A tangent to the curve \(x=a t^{2}, y=2 a t\) is perpendicular to \(X\) axis, then the point
of contact is

Given equation of curve represents parabola \(y^{2}=4 a x\)
Given is that tangent is \(\perp\) er to \(X\)-axis. Therefore point of contact is vertex of parabola which is origin.
This problem can also be solved as
We have \(x=a t^{2}\) and \(y=2\) at
\(\therefore \frac{\mathrm{dx}}{\mathrm{dt}}=2 \mathrm{at} \quad\) and \(\quad \frac{\mathrm{dy}}{\mathrm{dt}}=2 \mathrm{a}\)

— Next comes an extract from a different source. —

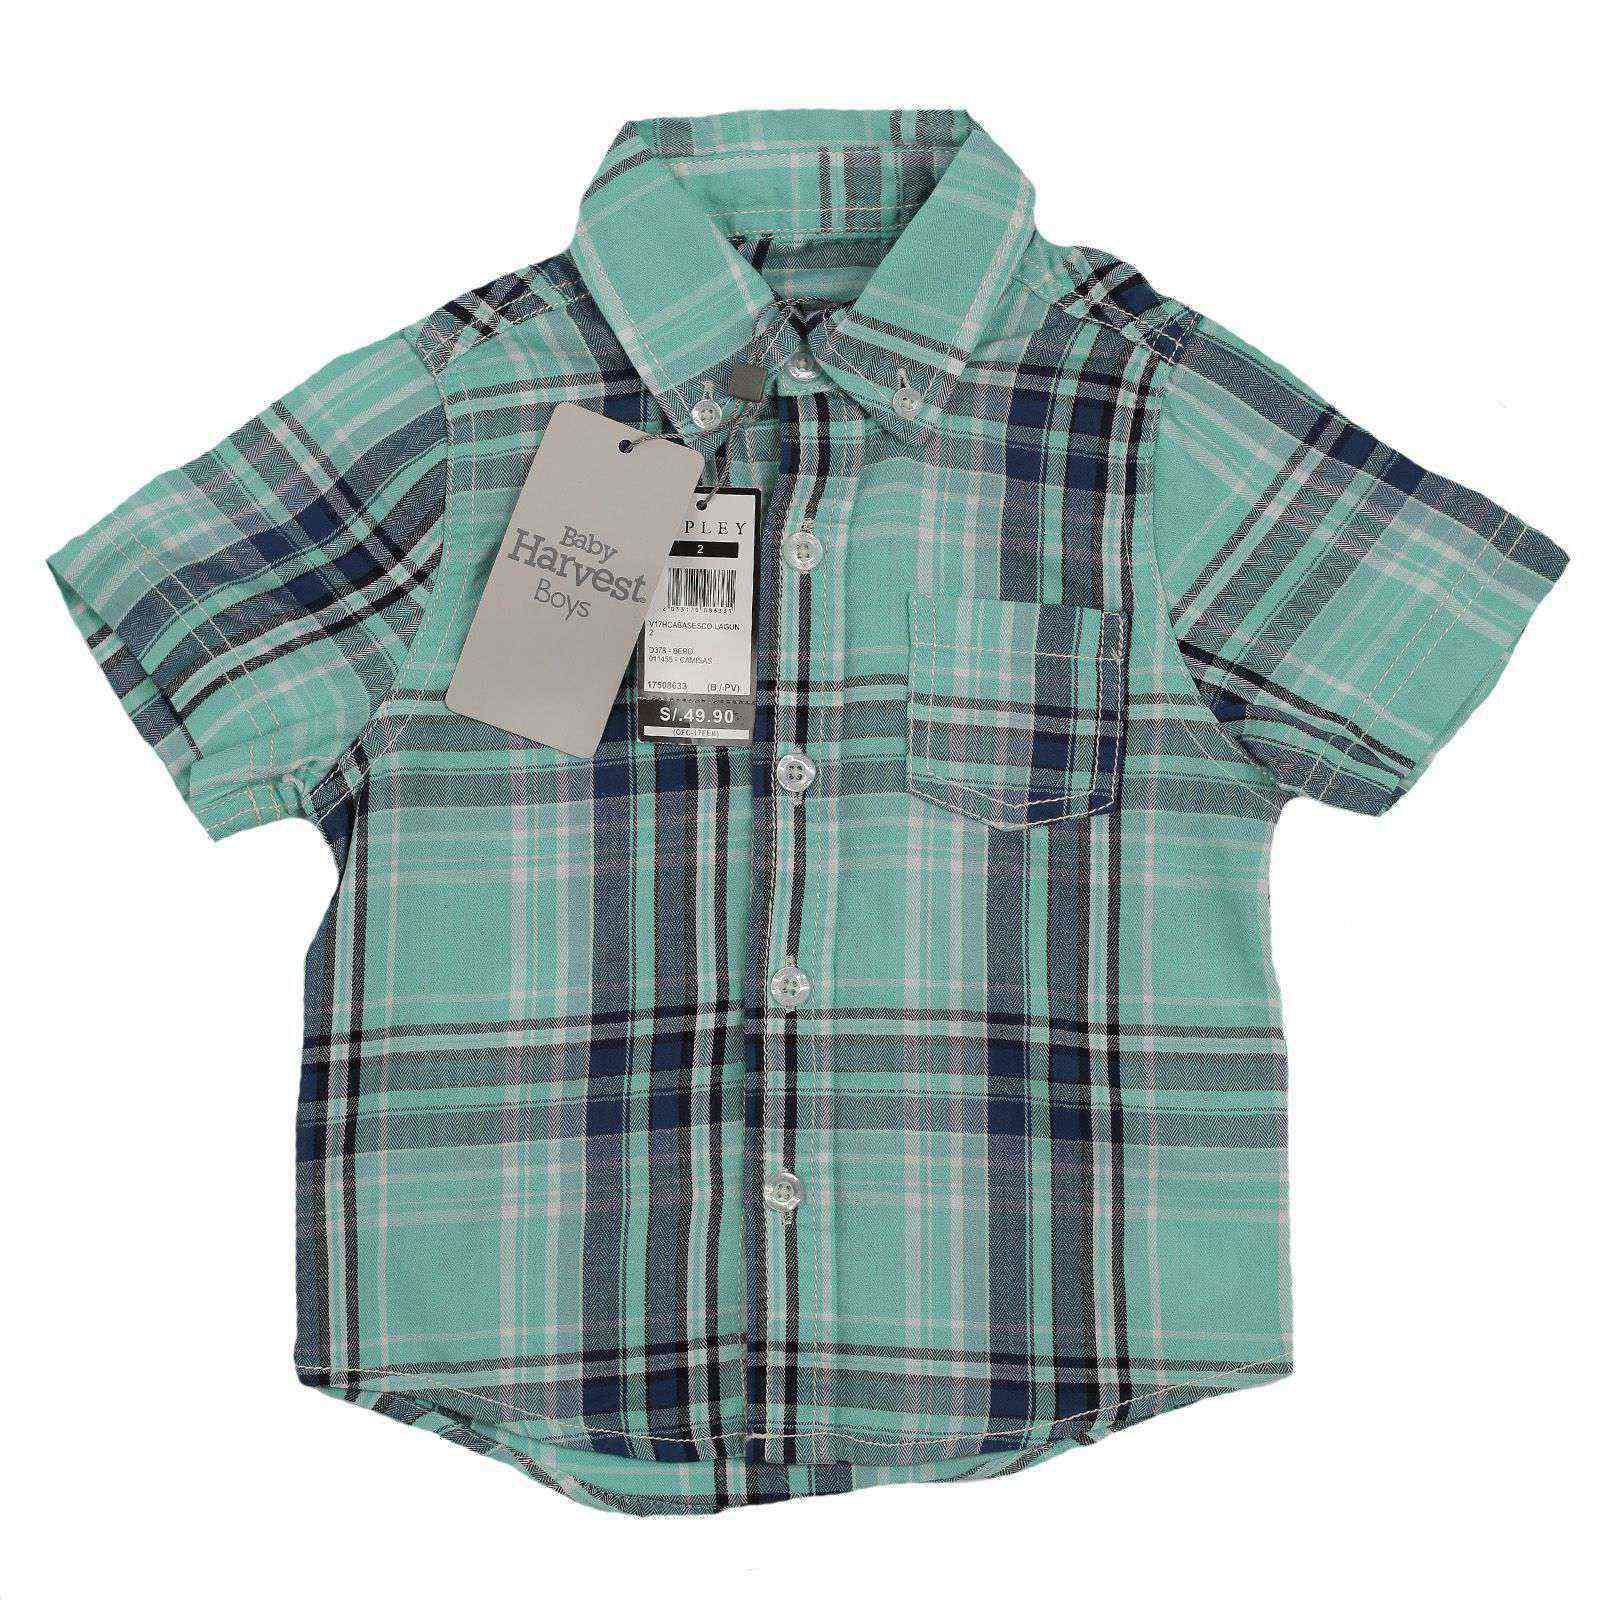 Фирменная рубашка от австралийского бренда Baby Harvest-вид спереди

\(\therefore \frac{\mathrm{dy}}{\mathrm{dx}}=\frac{2 \mathrm{a}}{2 \mathrm{at}}=\frac{1}{\mathrm{t}} \Rightarrow\) Slope of tangent \(=\frac{1}{\mathrm{t}}\). Since tangent is Perpendicular to \(\mathrm{X}\) axis, it is parallel to \(\mathrm{Y}\) axis i.e. it's slope is indefinite. It means \(\mathrm{t}=0 \Rightarrow \mathrm{x}=0\) and \(\mathrm{y}=0\)